■ Task requirements ■
For every line below, output the text exactly and leave out images.

*** Collected data ***

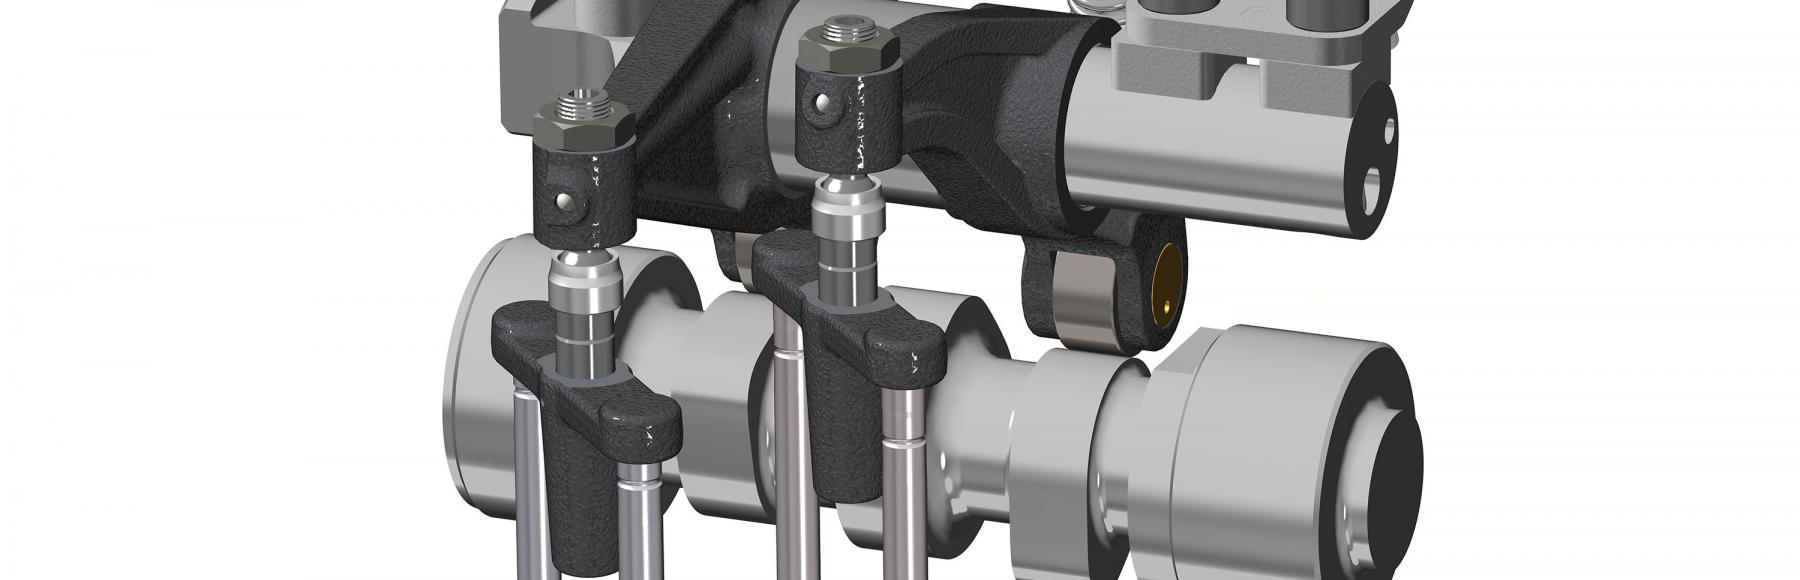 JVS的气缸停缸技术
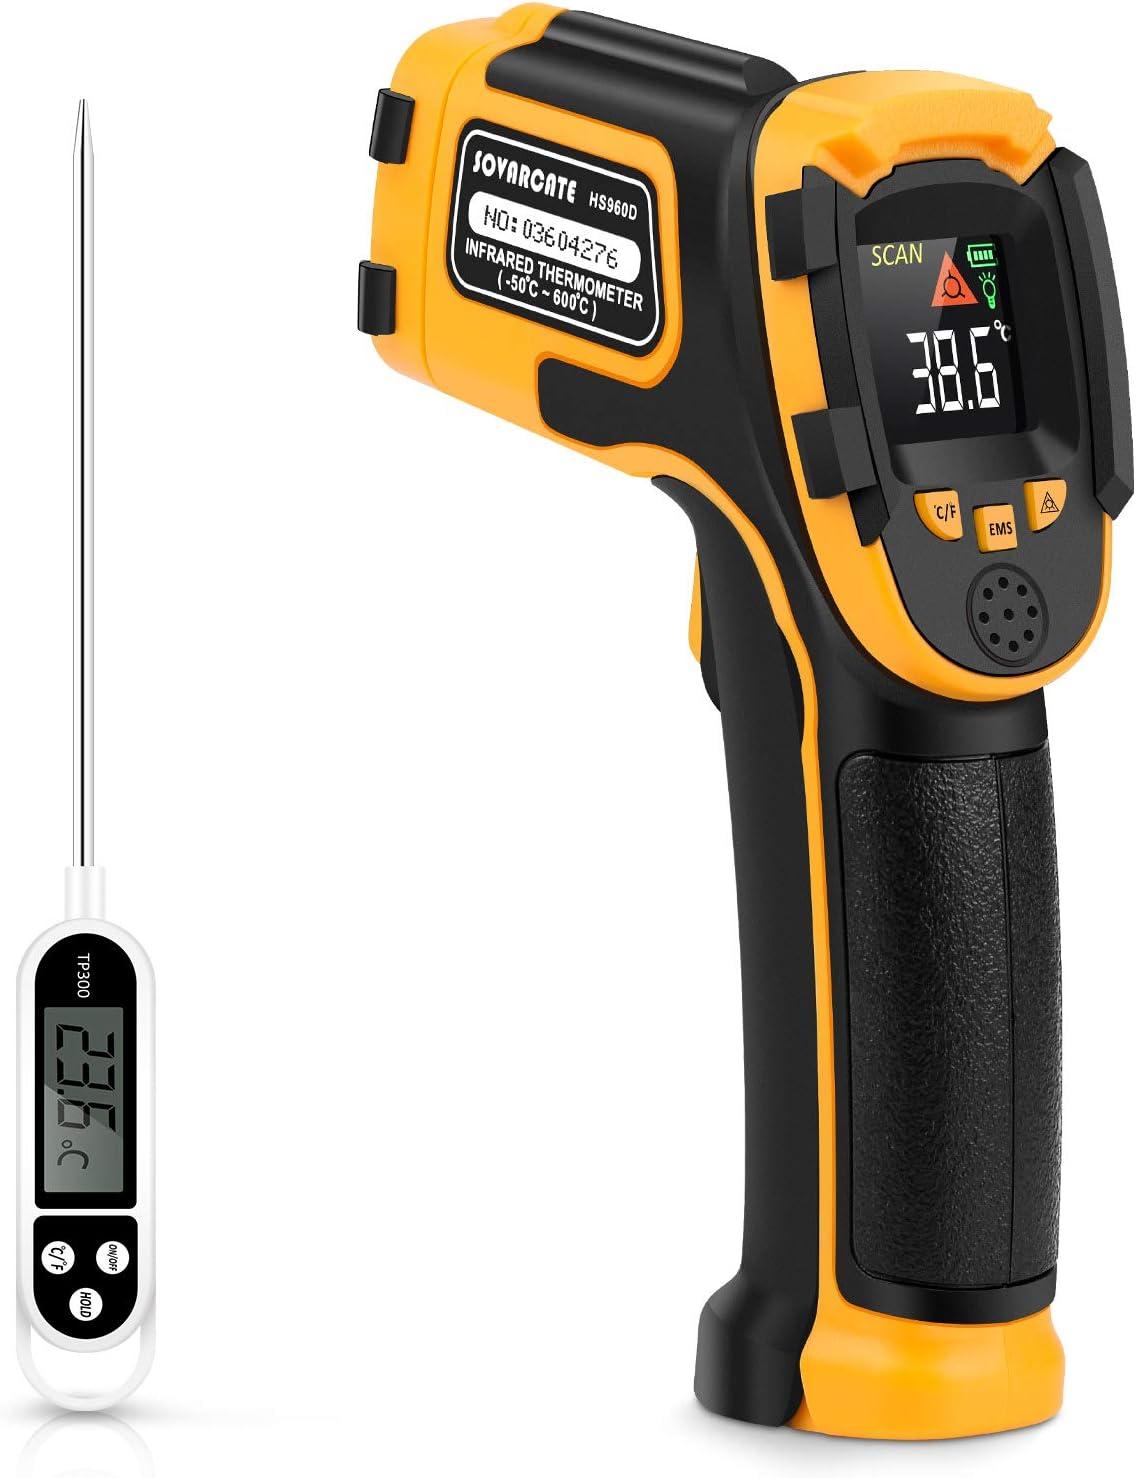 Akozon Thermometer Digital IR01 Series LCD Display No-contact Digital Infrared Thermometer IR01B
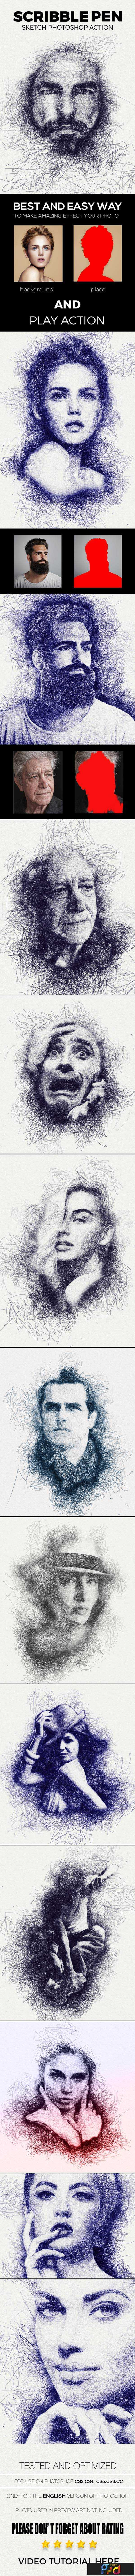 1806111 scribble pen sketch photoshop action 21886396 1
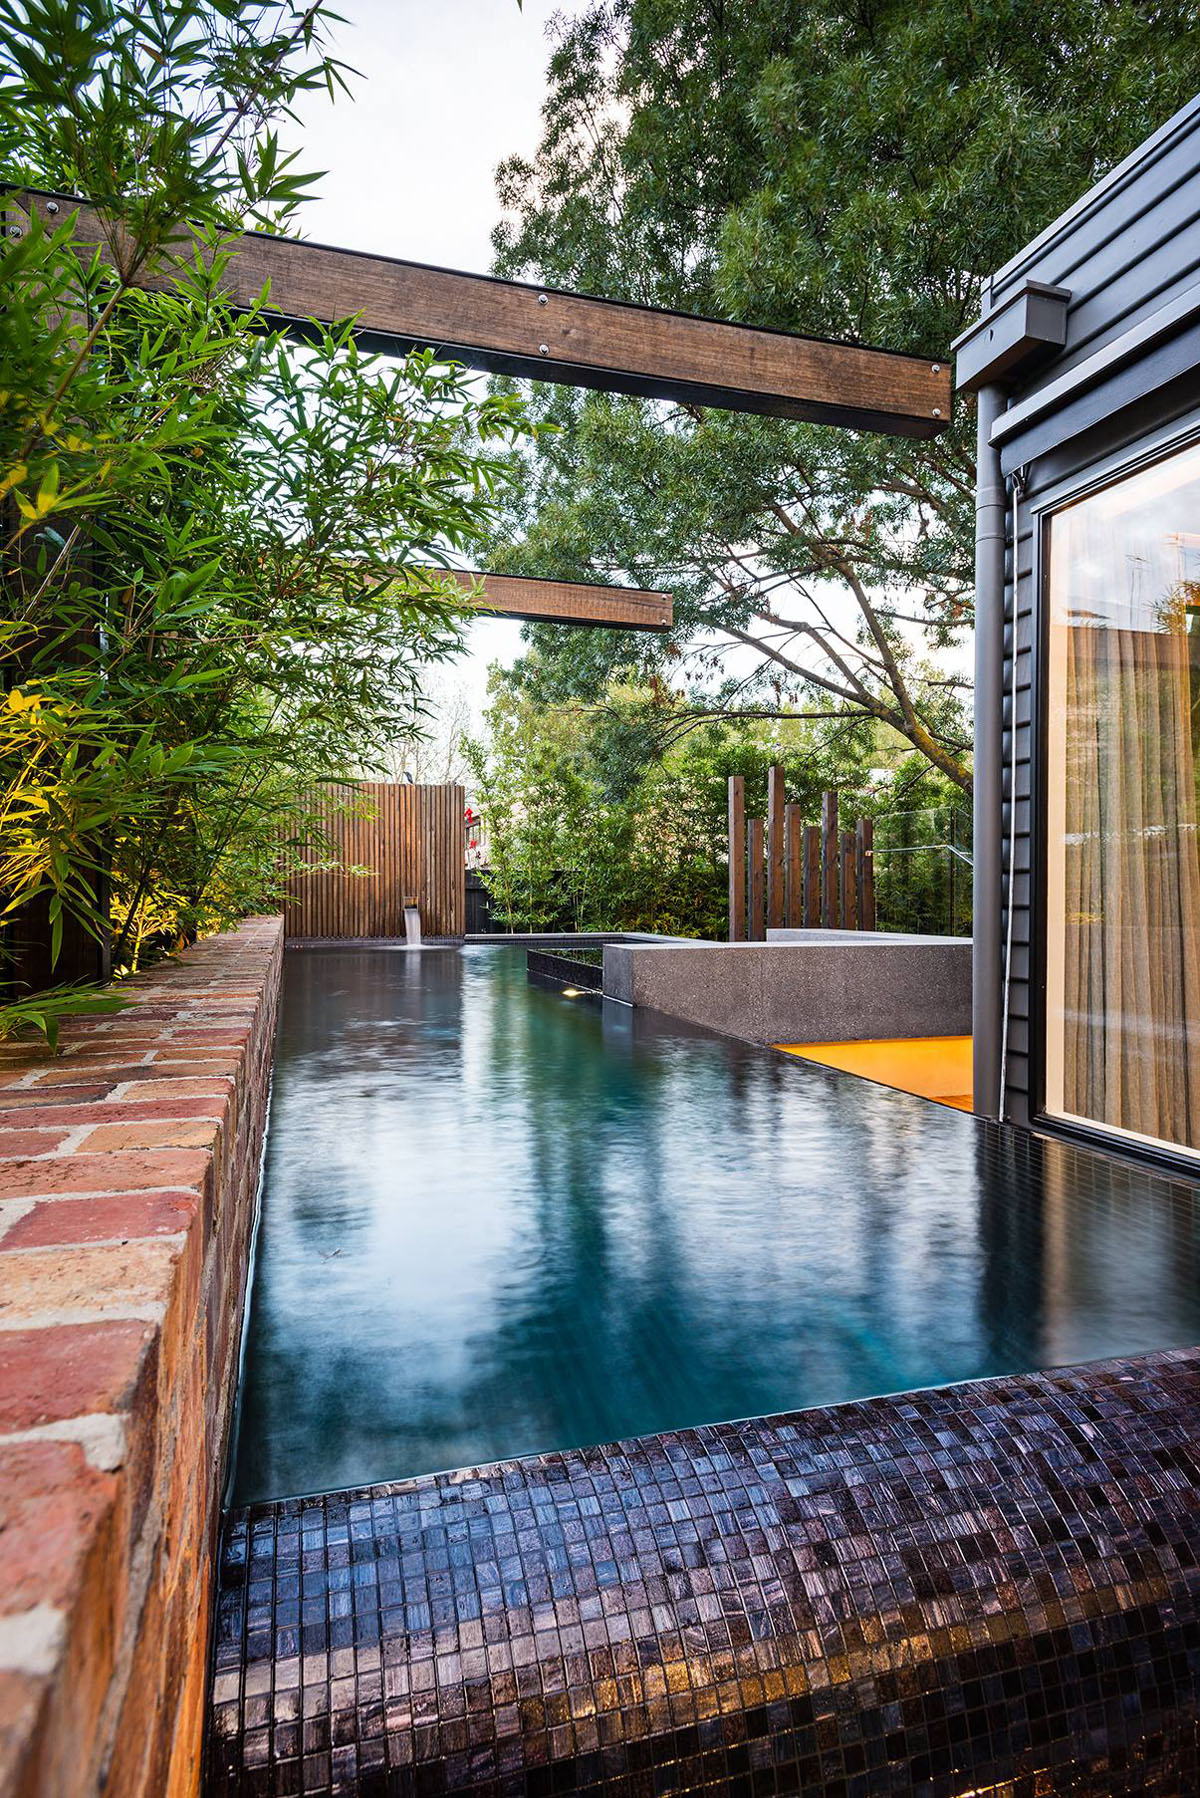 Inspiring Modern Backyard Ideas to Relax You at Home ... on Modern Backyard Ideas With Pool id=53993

***

■ Exercise output ■
 JVS的气缸停缸技术
 Akozon Thermometer Digital IR01 Series LCD Display No-contact Digital Infrared Thermometer IR01B
 1806111 scribble pen sketch photoshop action 21886396 1
 Inspiring Modern Backyard Ideas to Relax You at Home ... on Modern Backyard Ideas With Pool id=53993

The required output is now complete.